I think you would be much better of with a heating pad, without the autoshut-off, you can pick one up from Walmart, CVS or Walgreen's, just cal and ask if they have pad without the autoshut-off. Set it to low (only low), fold a small towel over it and you should be good.

The difference between apple sauce and apple cider vinegar is, one is a sweet puree of apples and the other is a vinegar (acetic acid) made from the juice of apples . We use the ACV to shift the pH of the crop and GI tract down, making it more acidic, thus making a more unfriendly place for yeast and bacteria to want to grow, also an slightly acid GI is a more friendly environment for beneficial bacteria (think good bacteria, IE probiotics).

A good deal of the time the air will work its own way out, but if you do try and burp the little guy make sure there is no food in the crop to accidentally be pushed back up. It may be simpler to show you how you should grasp/hold the little guys head, the link below shows feeding, please ignore everything except the way the head is held and supported, and the beak gently pinched open with two fingers of the holding hand, you would then lift and extend the neck straight up, kind of opening up a direct route to the crop. By lifting and extending the neck, beak tilted up, you will be able to better control accidentally pushing food back up, you then will gently feel the top of the crop to make sure that this is air and not food and gently push the air up and out.

http://www.youtube.com/watch?v=uOIqHRKeIS8&NR=1

Please be extremely careful when doing this, as "burping" sounds very mundane when in actuality it can be quite dangerous for them if any food is forced back up and they then aspirate any of it down their trachea.


Karyn


----------



## inyadrms (Apr 25, 2011)

Just got back from checking on Peep. He is doing well. It was definitely air in his crop, and burping ever so gently helped relieve it. Thank you guys for the help. we will see how he is when I get home from work. I am hoping the bottle helped alleviate some of the air this time. I also called my mother in law to ask if she has an old heating pad that she could give me as there is NO WHERE that sells ones that don't have a 2 hr. auto shut off.I went to Walmart, Walgreens, CVS, and Target... She is going to look for me. I told her I would buy her a new one and trade her for the older one. Fingers crossed all! For now, please see the following pictures of my little guy! 


http://www.pigeons.biz/forums/picture.php?albumid=1654&pictureid=17525
http://www.pigeons.biz/forums/picture.php?albumid=1654&pictureid=17526
http://www.pigeons.biz/forums/picture.php?albumid=1654&pictureid=17527


----------



## Dobato (Jul 3, 2008)

I think you may be mixing up the formula too thick, judging by the way the formula is coating the inside of the bottle, the bit around his mouth and the bit that fell on the paper towel. Have a look at the link that Spirit Wings posted of Msfreebird feeding some babies, see the way the formula evenly coats the inside of the bottle, and is runny. You want the formula being kind of like a melted milkshake, some body to it, but runny so it easily flows, no glopping. If it is too thick, it will end up causing a whole other set of problems we do want to have to deal with, like a slow crop, or even a possible sour crop and could also contribute to why he is gulping air.
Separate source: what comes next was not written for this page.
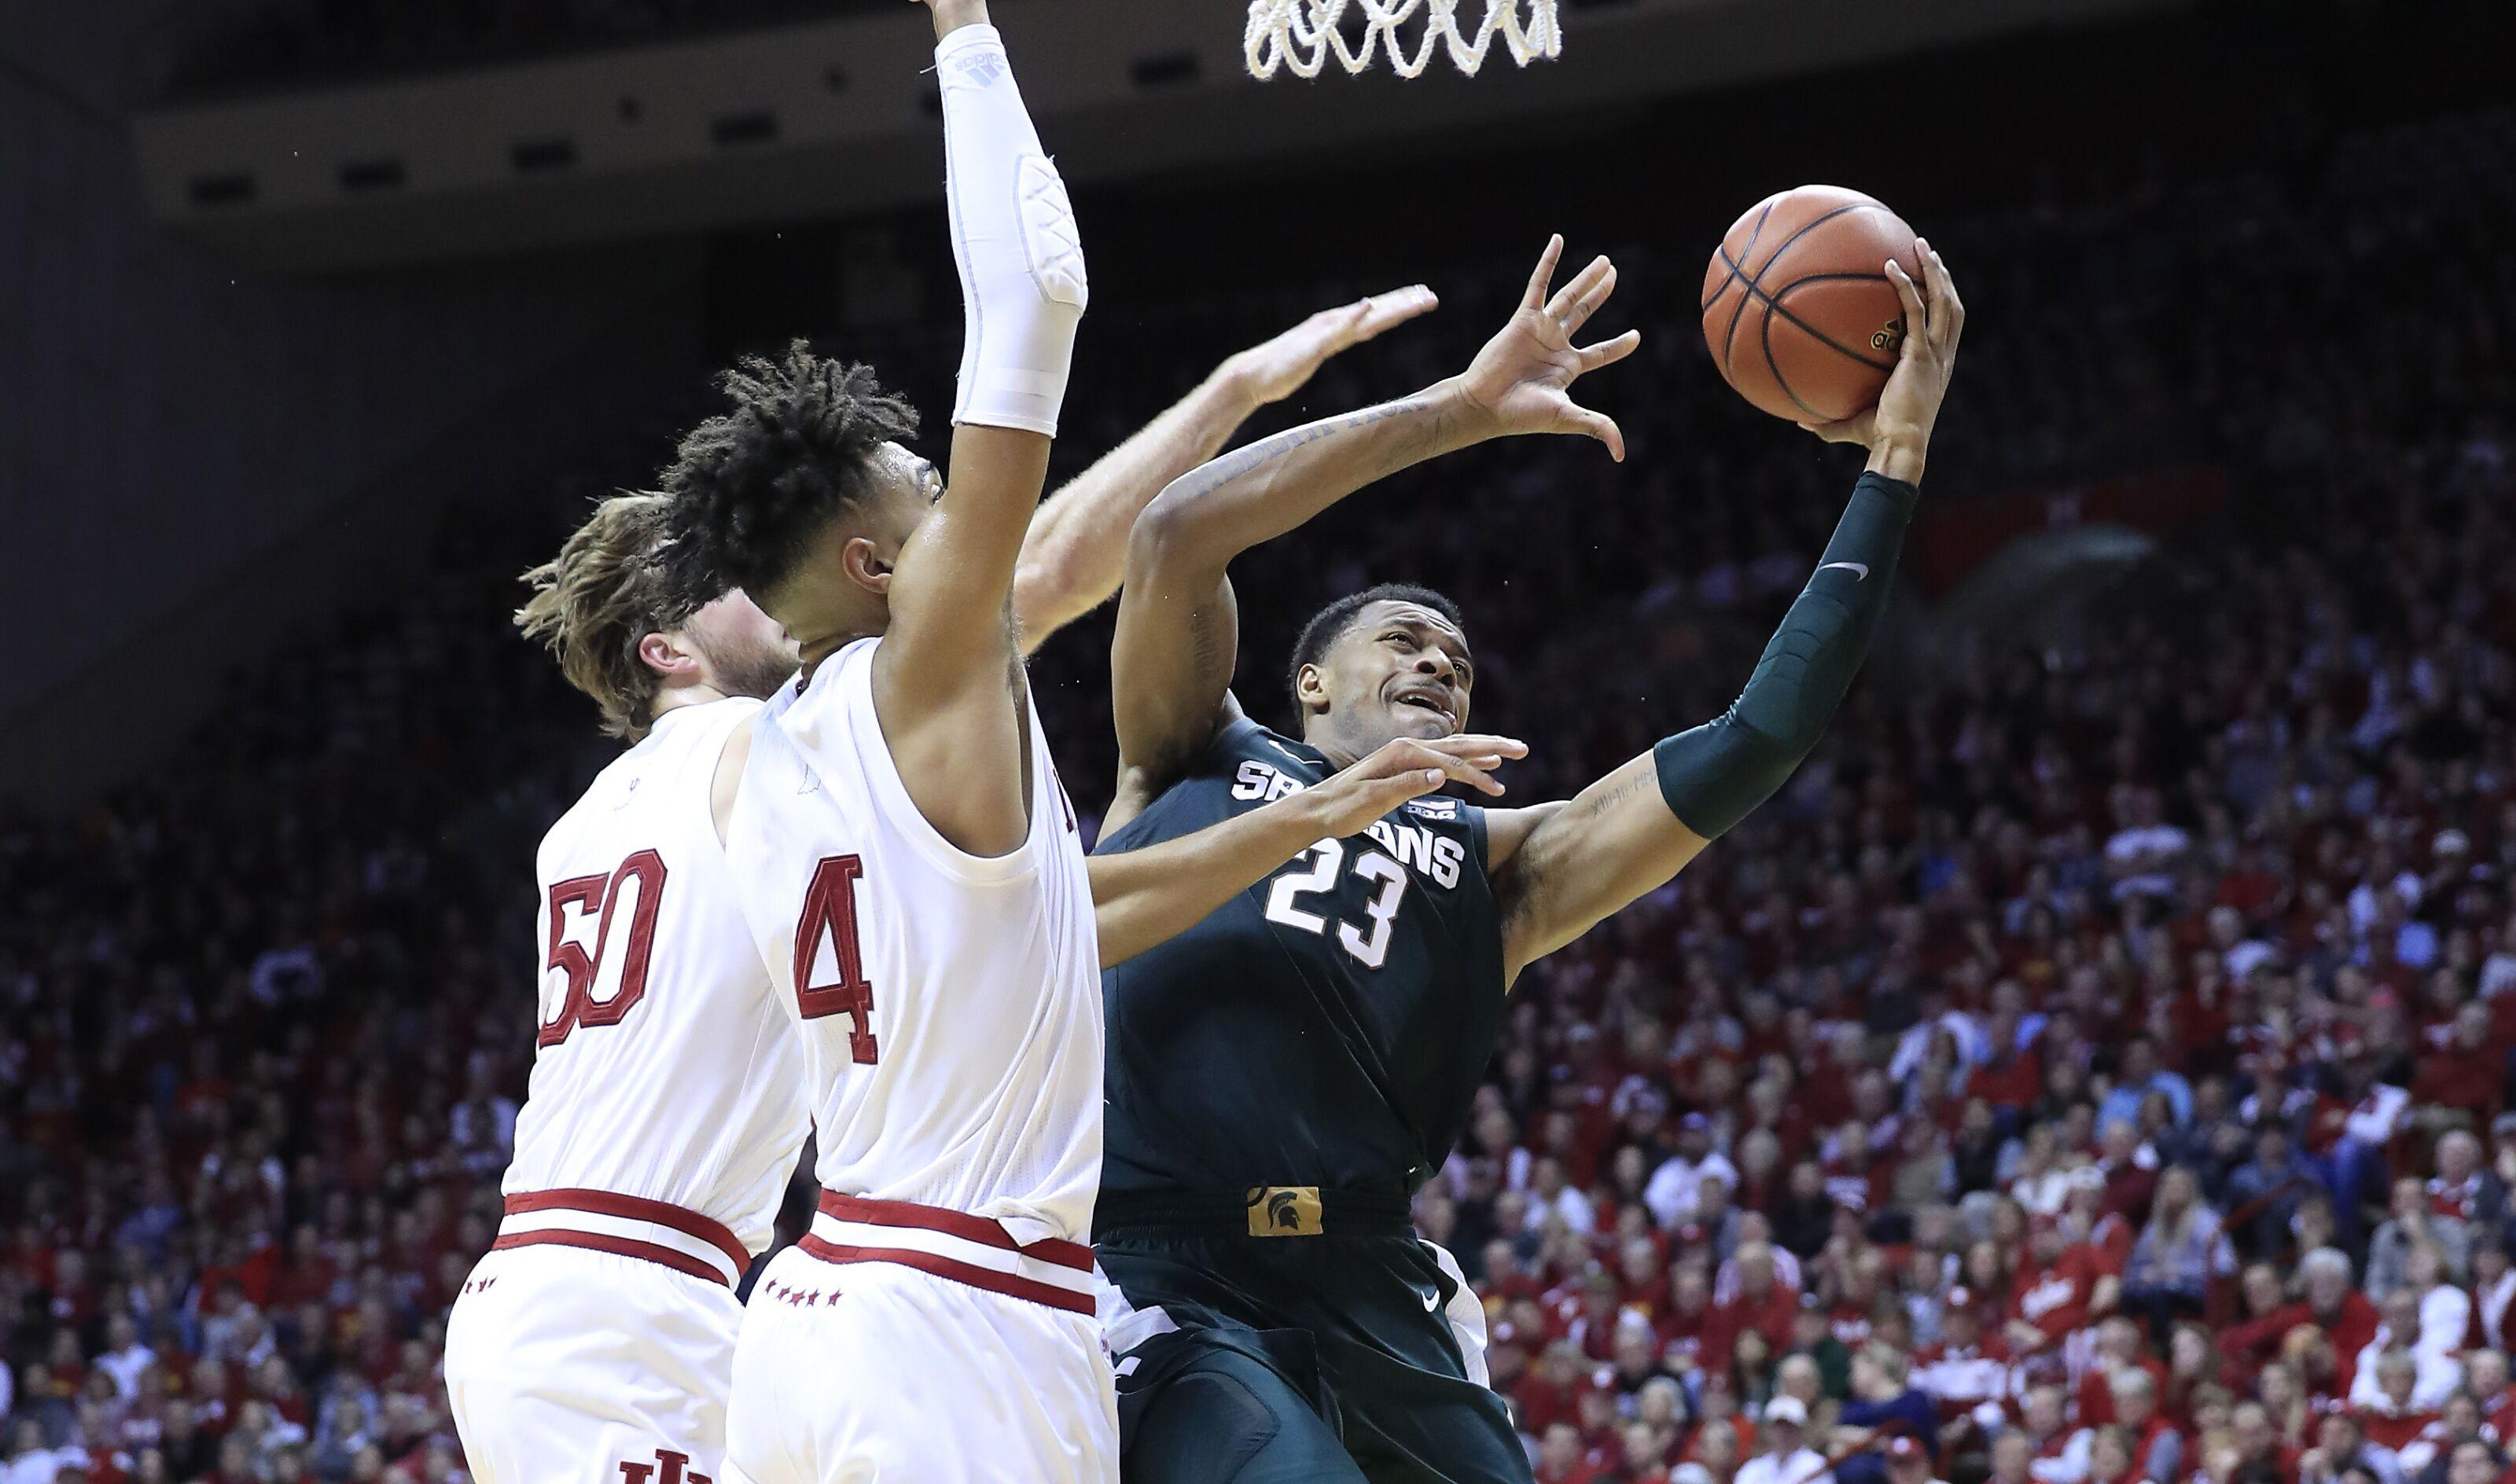 Michigan State Basketball: Sense of urgency needed at Minnesota

Good mention by Doveone52 below, sometimes we do things so often, we forget to mention a small important detail. When I mix hand feeding formula I mix using very warm water, cover and let it sit about 15 minutes, and then make final adjustments with a little more water, as it will thicken as mentioned, and then also fine tune for temperature at this point. I sit the small bowl I mixed the Kaytee in into a larger bowl of very hot water and stir until I get to my desired temperature, 102-104 degrees, do not use a microwave for this, as they easily overheat food, and cause hot spots, which will cause crop burns.

Karyn


----------



## Msfreebird (Sep 23, 2007)

What a cutie!!!!
Hi inyadrms, and welcome to PT. Haven't been on much, dealing with my own babies right now, so I'm missing alot 
The bottle method helps alot with keeping air in the crop to a minimum, Also, Dobato is right in saying that the formula looks a little thick. If it's too thick, baby will try to gulp it.......taking in air. You want it to flow smoothly...but not too fast. Bottle shouldn't need to be 'upright', just on a 'slant' to he can gently suck out the formula.
Looks like your son has a new pet?


----------



## doveone52 (Aug 3, 2009)

The formula seems to thicken after a few minutes so just add a little more water. Pretty baby you've got there!


----------



## inyadrms (Apr 25, 2011)

Thank you all for such great advice! I have followed all advice you guys have given me and have had great success! 

I have thinned out his formula, added one drop of ACV to all feedings and moved to the bottle as seen in the pictures. 

I woke up to a hungry baby this morning with a flat crop! Only problem now is getting ahold of a non-auto shutoff heating pad. Mother in laws was also auto shut off. It seems that the stores don't sell these anymore. Maybe a thrift store? The lamp is doing a very good job of keeping his temp up for now - but I want to be absolutely sure that he has exactly what he needs.

A couple more questions...

1. How long does he need to be "incubated" with the heat? (I assume this is until his feathers come in?)
2. How much should I be feeding him and how often? right now I am doing every 4-5 hours and it seems to be perfect timing - and I monitor his crop but I am sure this will become more difficult to see as his feathers come in
3. When do I start weaning him off the formula, how, and to what? (I know this is later, but just want to be prepared)

We love this little guy dearly, and honestly he has imprinted on my life heavily. I will keep all updated on progress. I am going to try and take daily pictures and post. the changes from day to day are so dramatic its really amazing to watch.


----------



## Dobato (Jul 3, 2008)

A couple more questions...

1. How long does he need to be "incubated" with the heat? (I assume this is until his feathers come in?)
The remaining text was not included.